Но, чтоб избегнуть искушенья,
Лет десять не сидеть в тюрьме,
Я сочинил стихотворенье
Антихрущёвское в уме.
Хотя у власти лжезаконной
Подходов сотня есть к врагу,
И нынче в эре электронной,
Как знать, что там, в его мозгу.
Однако все доступны выси
Науке: грянут времена
И прочитает наши мысли
И передаст властям она.
Но в том столетье в Дубравлаге
Я в безопасности дерзал,
Пока, как ярый враг бумаги,
В уме я рукопись держал.
Новочеркасским жертвам эти
Свои я строки посвятил.
Среди убитых были дети –
Народ в Ростове говорил.

____________________________


Стихотворение «Новочеркасский натюрморт»


Вам нравятся, диктатор,
Слыхал я, натюрморты:
Цветочков пук, а рядом –
Подстреленная дичь,
А я бы как новатор
Нарисовал бы морды
С тупым, без жизни взглядом,
Бесстрастным, словно бич.
На них надел бы каски,
Дал в руки автоматы,
Под сапоги бы бросил
Растерзанных детей,
Раскрыл бы детям глазки:
Как бы глядят ребята,
Как бы защиты просят
У мёртвых матерей.
Но что ж вы побледнели?
Любуйтесь натюрмортом!
Этюд мой не годится?
На нём не все мертвы?
Ну что вы, в самом деле! –
Мертвей, чем груды мёртвых,
Мне кажутся убийцы
И вы, диктатор, вы!


26 июня 1963 г.
Дубравлаг, концлагерь №7

___________________________
          
Поздней не где-нибудь, а в зоне,
Стихи я эти записал,
Но были все они в законе,
И я их даже не скрывал.
Какое, право, вероломство!
Не то я обещал суду!
Но предстояло мне знакомство:
Я двух приятелей найду.
Один – писатель Рыбкин Слава
(А в деле якобы шпион!)
Придумал славный выход, право,
Сказал: «Смени названье!» он.
Ты напиши: с Франсиско Франко
Мол, это строгий разговор!..
Какая для властей подлянка!
Могу смеяться до сих пор…
Назвал памфлет свой «Разговором
С диктатором испанским» я.
И мы втроём, но всё же хором
Смеялись в зоне Бытия.
А друг второй мой Шефер Лёва
Его заучит наизусть,
Но незаконной правды слово
К бумаге тянется из уст.
Слова приняв, бумага дышит,
Душой древесной задрожав!
И Лев стихи мои запишет,
Названье истинное дав!
Но имя автора, понятно,
Он не укажет!
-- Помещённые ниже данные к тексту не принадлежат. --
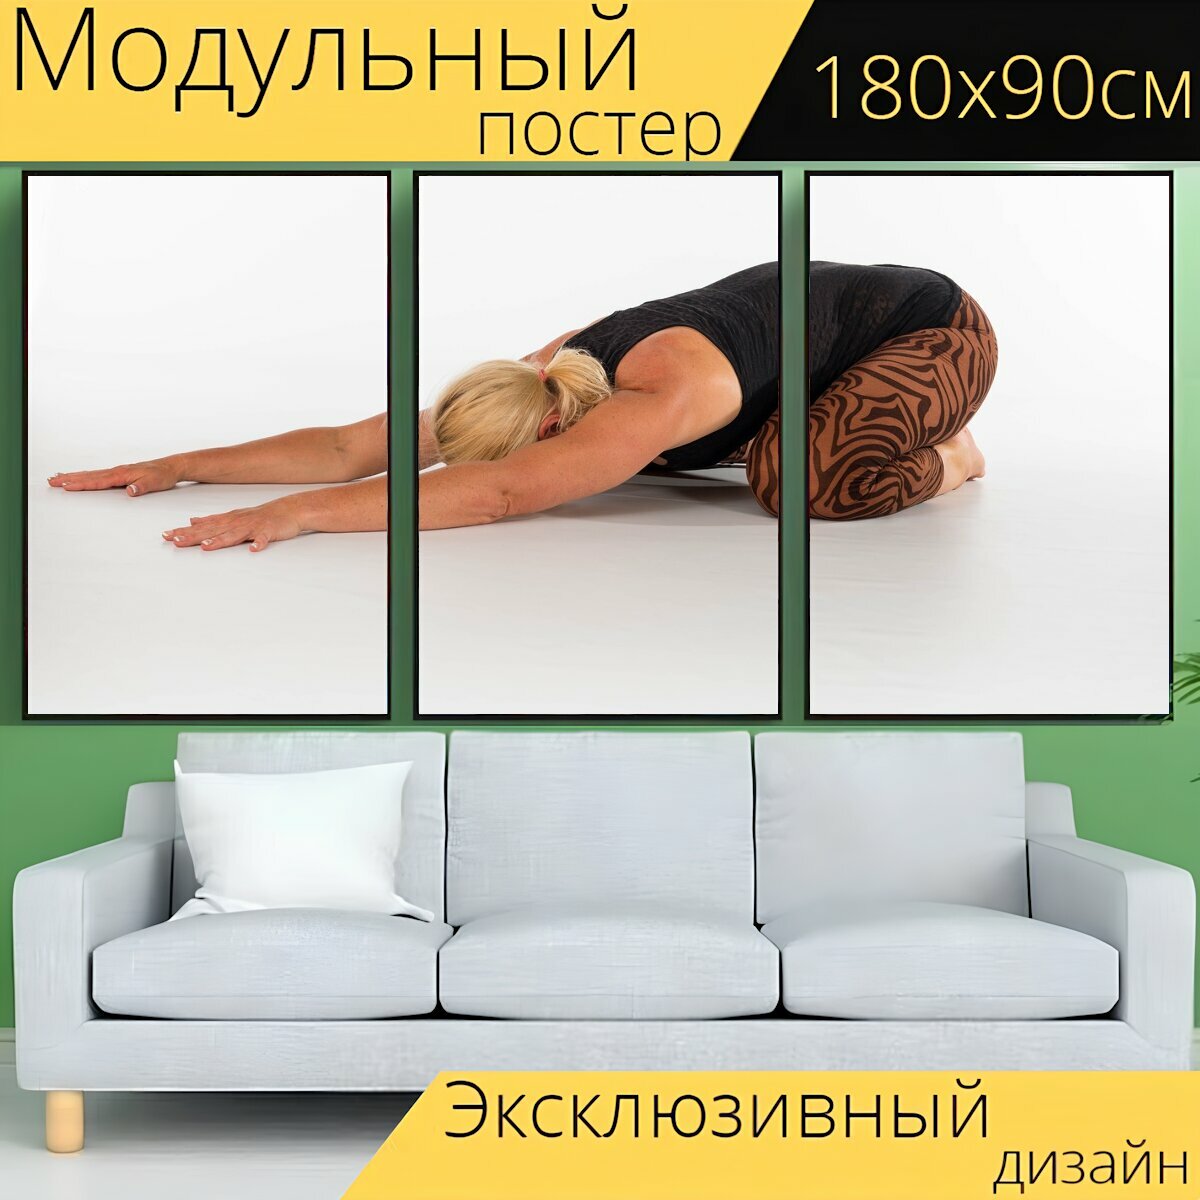 Модульный постер "Йога, фитнес, женщина" 180 x 90 см. для интерьера
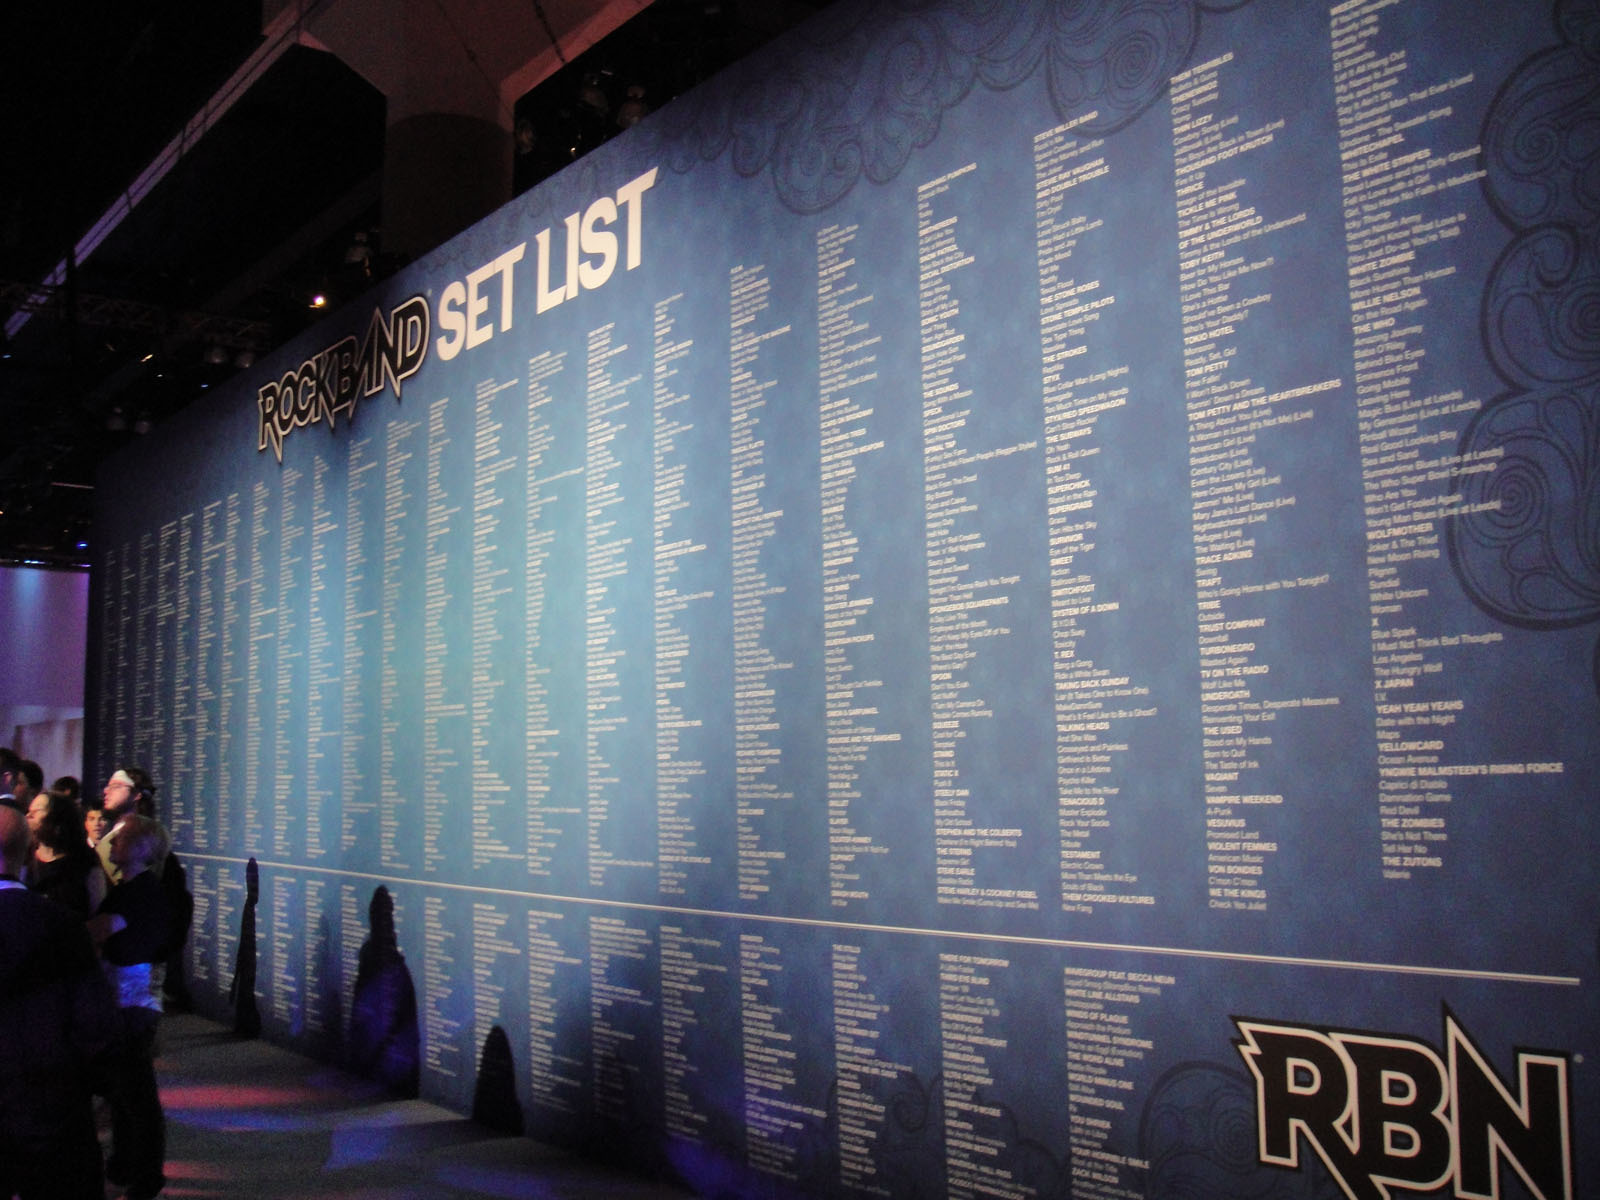 Wall of Rock Band songs E3 2010

Цел поэт!
Но в зону Лев пойдёт обратно
Спустя почти что двадцать лет!..
– Зачём? – я вопрошаю Музу.
«Затем, чтоб раб свободным стал!
И знай, что по всему Союзу,
Кто автор, КГБ искал».



N.B. Начиная с 36-й строки
"Под ритм машины шлифовальной... –
новый материал, написанный сегодня,

1 мая 2018 г.
(21:04).
Москва.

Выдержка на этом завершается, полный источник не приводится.